-- Opening Marker --

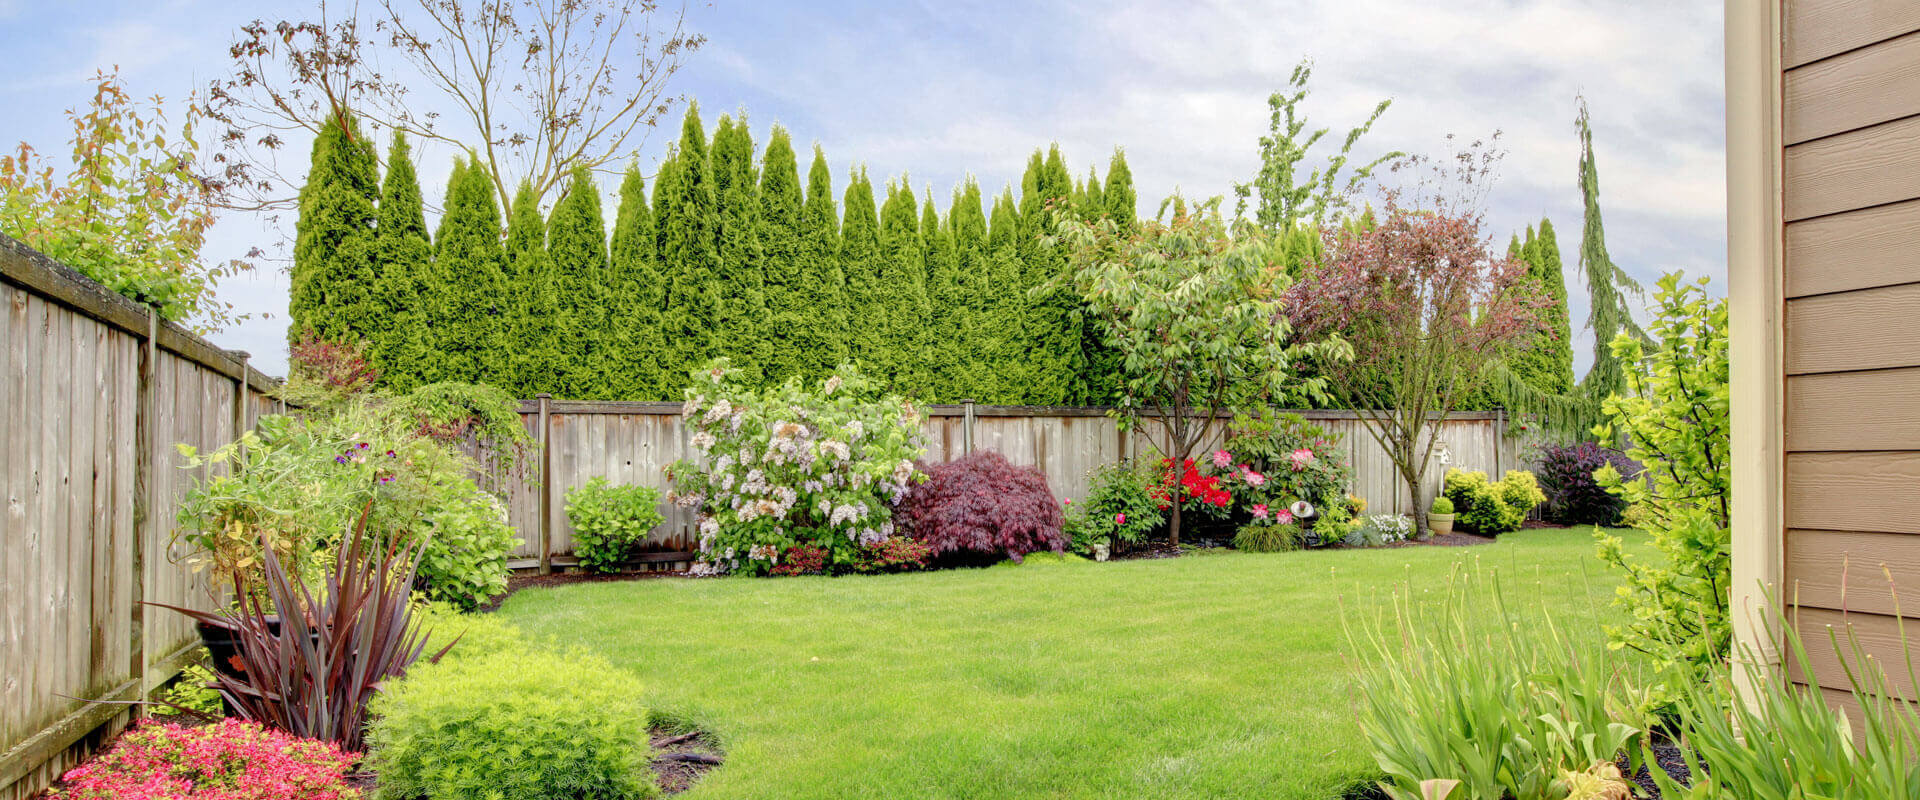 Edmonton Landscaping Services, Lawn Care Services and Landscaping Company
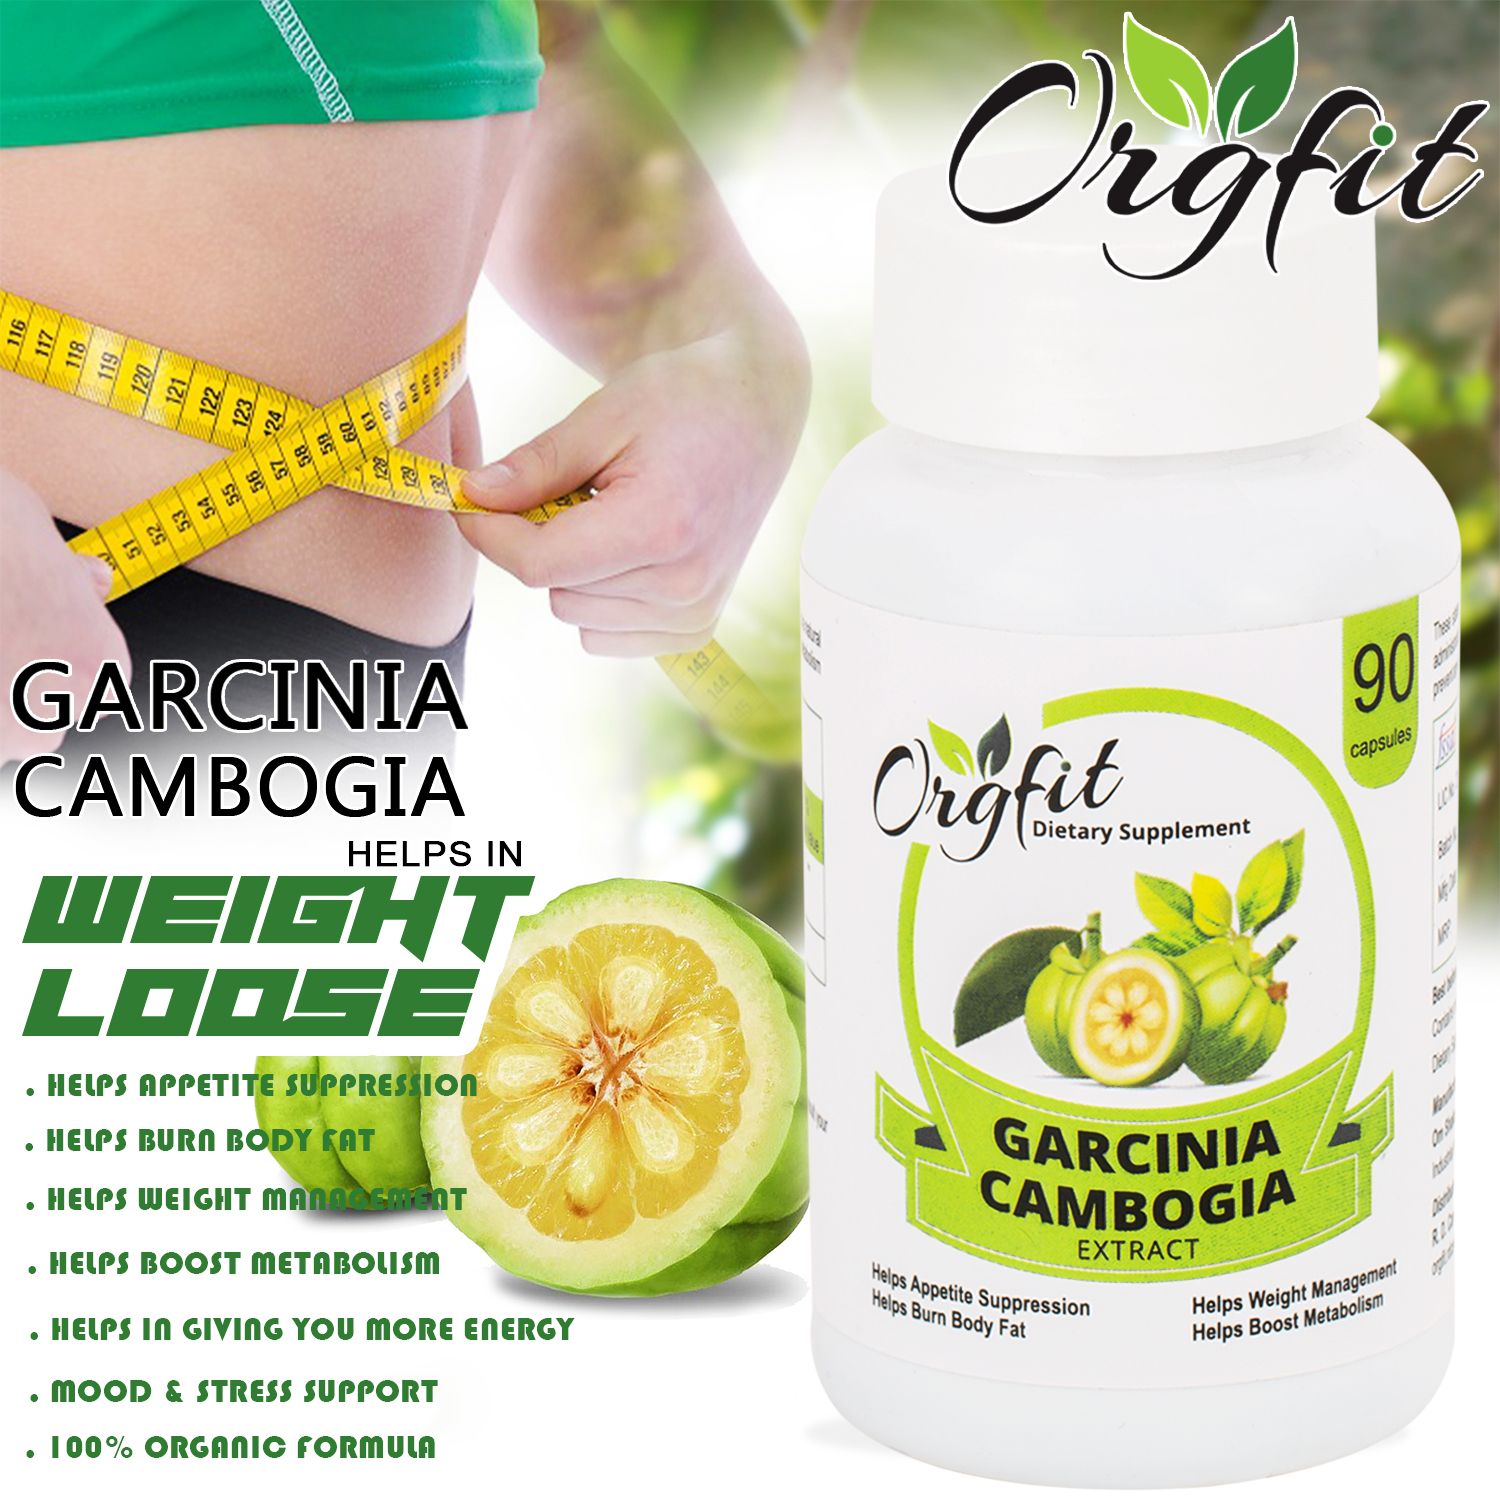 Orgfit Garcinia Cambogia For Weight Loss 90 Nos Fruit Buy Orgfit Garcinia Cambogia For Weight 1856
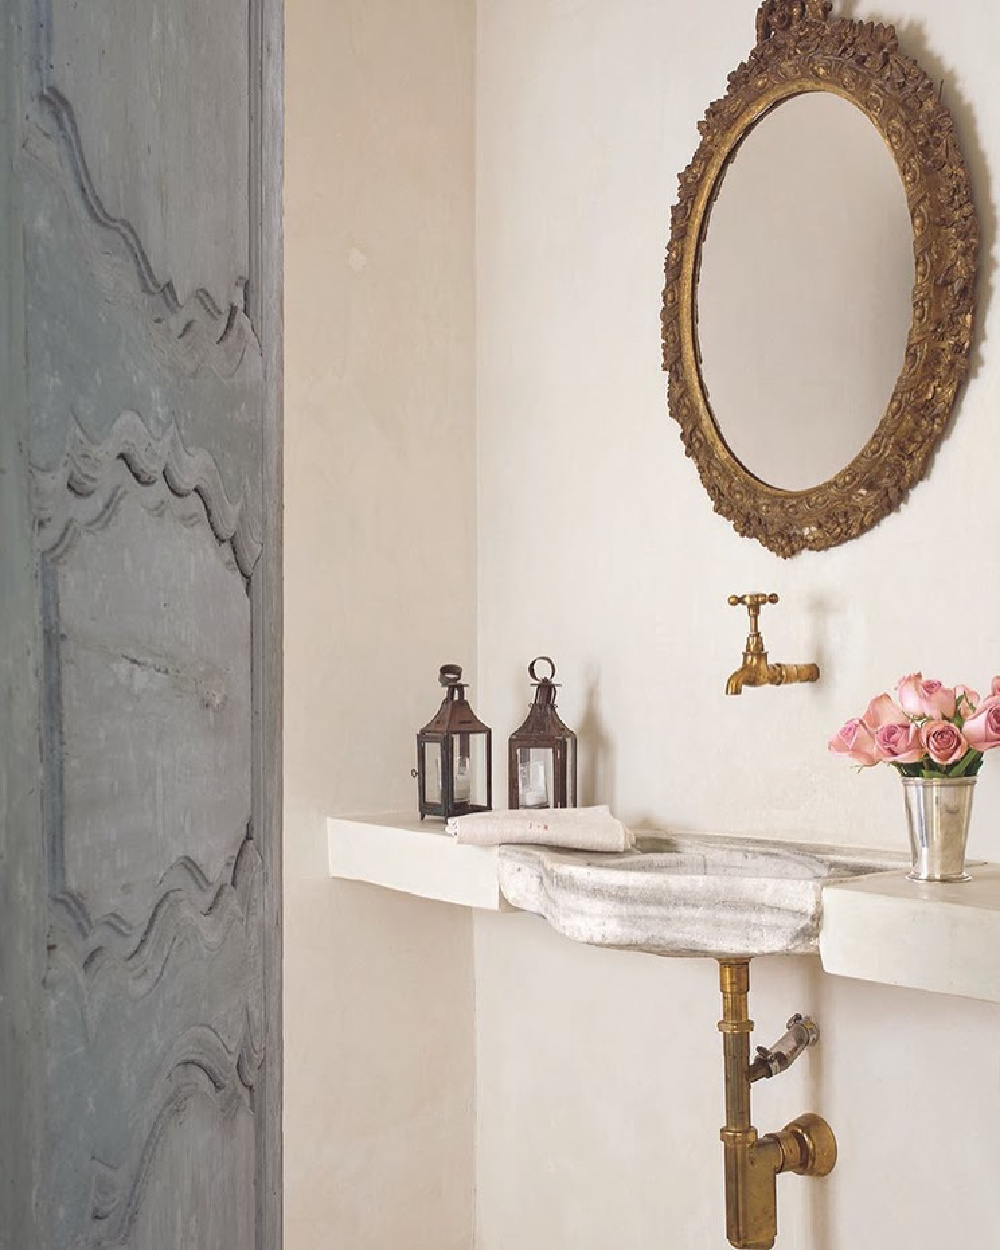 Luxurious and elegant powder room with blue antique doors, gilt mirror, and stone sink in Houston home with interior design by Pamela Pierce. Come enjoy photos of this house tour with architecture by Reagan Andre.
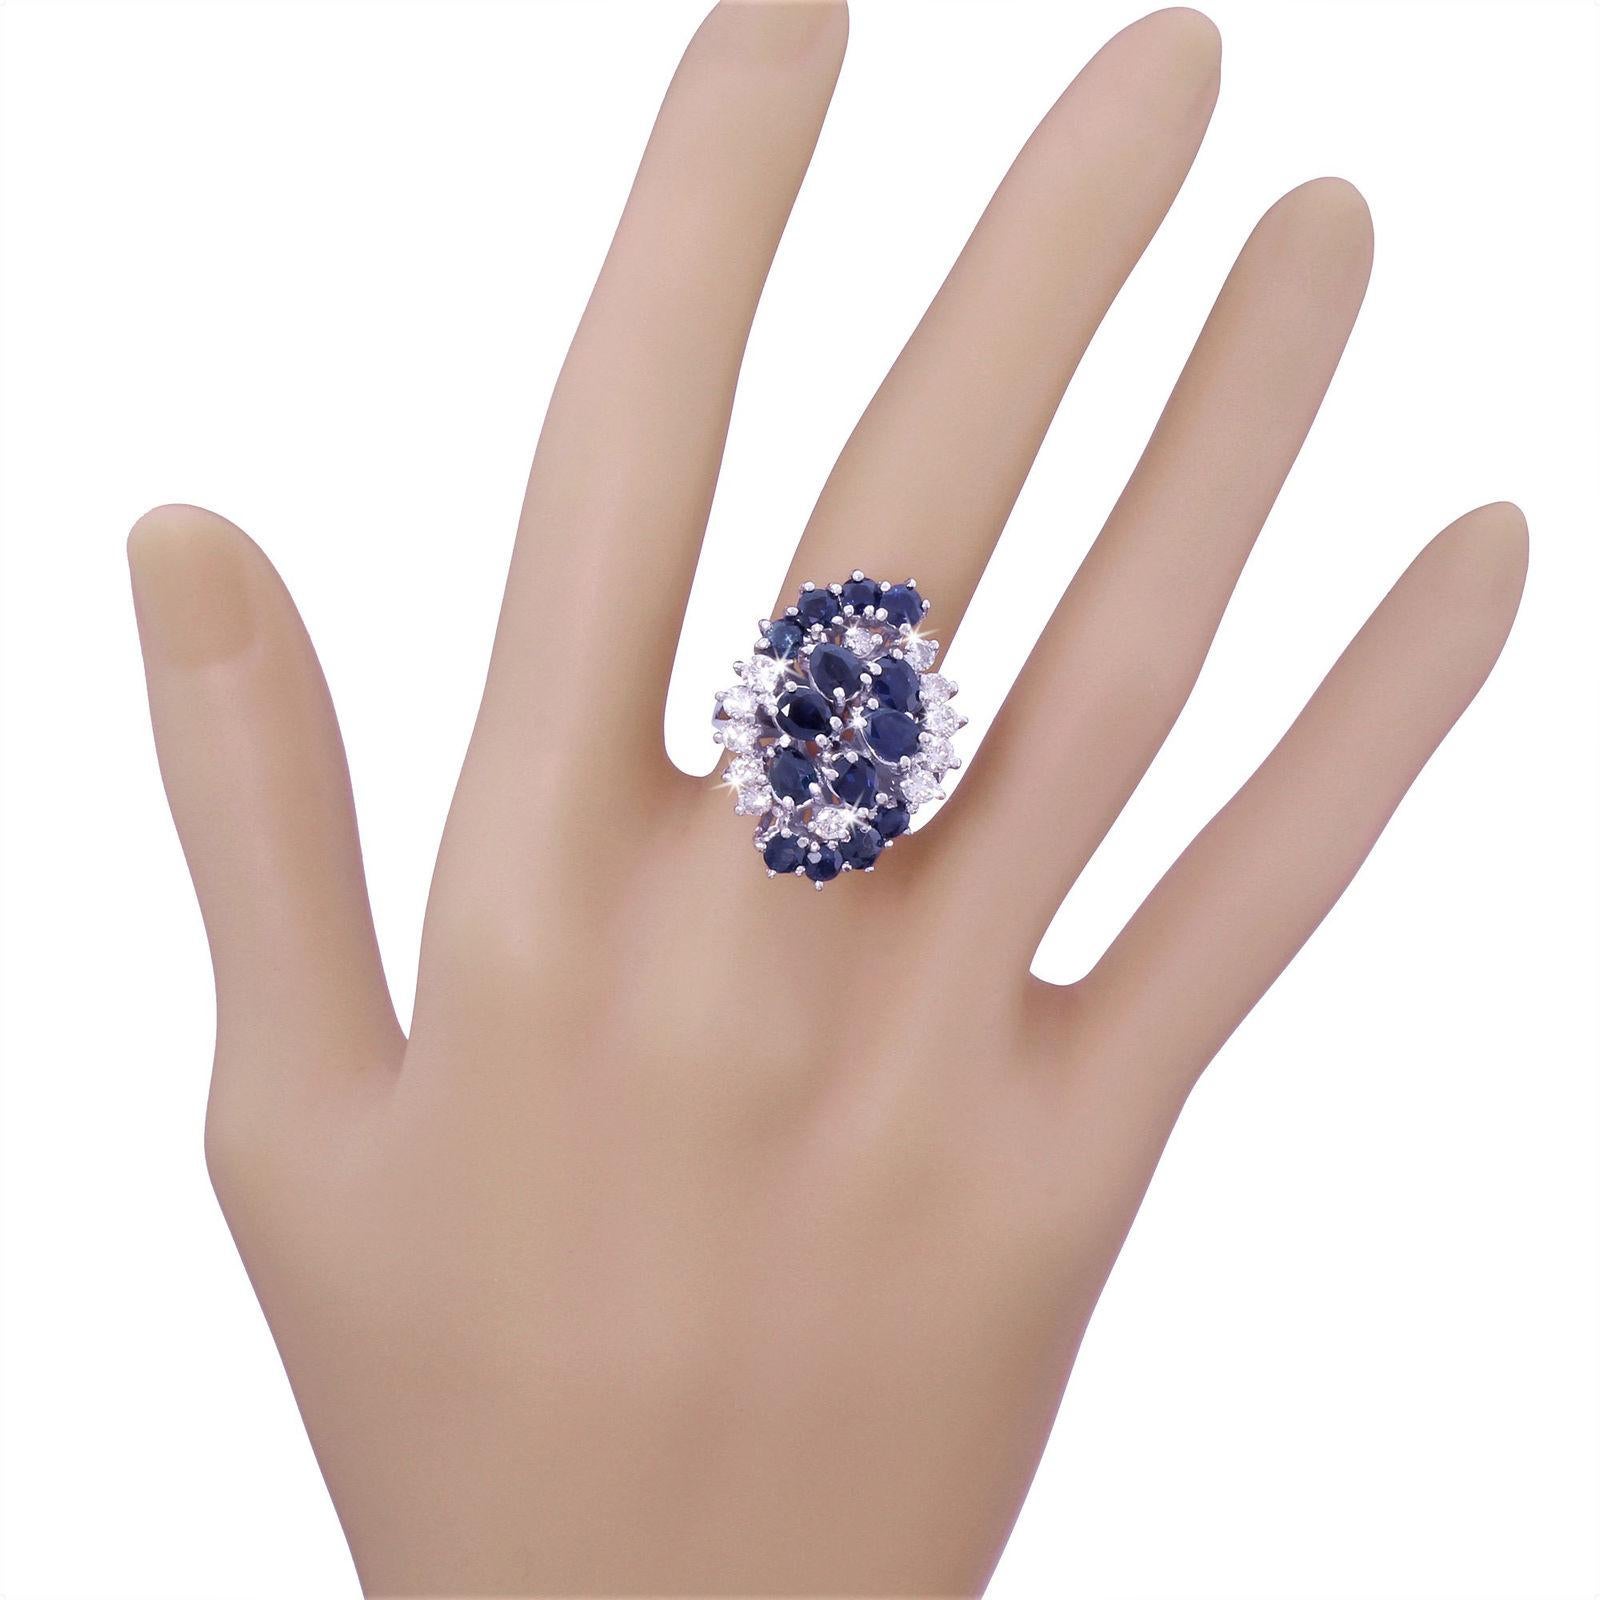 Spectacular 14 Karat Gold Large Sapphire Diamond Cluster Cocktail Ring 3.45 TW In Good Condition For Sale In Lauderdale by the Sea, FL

-- Closing Marker --

**EXERCISE AIM:** I'd like the material duplicated exactly, without its pictures.

**TASK RESPONSE:**
 Edmonton Landscaping Services, Lawn Care Services and Landscaping Company
 Orgfit Garcinia Cambogia For Weight Loss 90 Nos Fruit Buy Orgfit Garcinia Cambogia For Weight 1856
 Luxurious and elegant powder room with blue antique doors, gilt mirror, and stone sink in Houston home with interior design by Pamela Pierce. Come enjoy photos of this house tour with architecture by Reagan Andre.
 Spectacular 14 Karat Gold Large Sapphire Diamond Cluster Cocktail Ring 3.45 TW In Good Condition For Sale In Lauderdale by the Sea, FL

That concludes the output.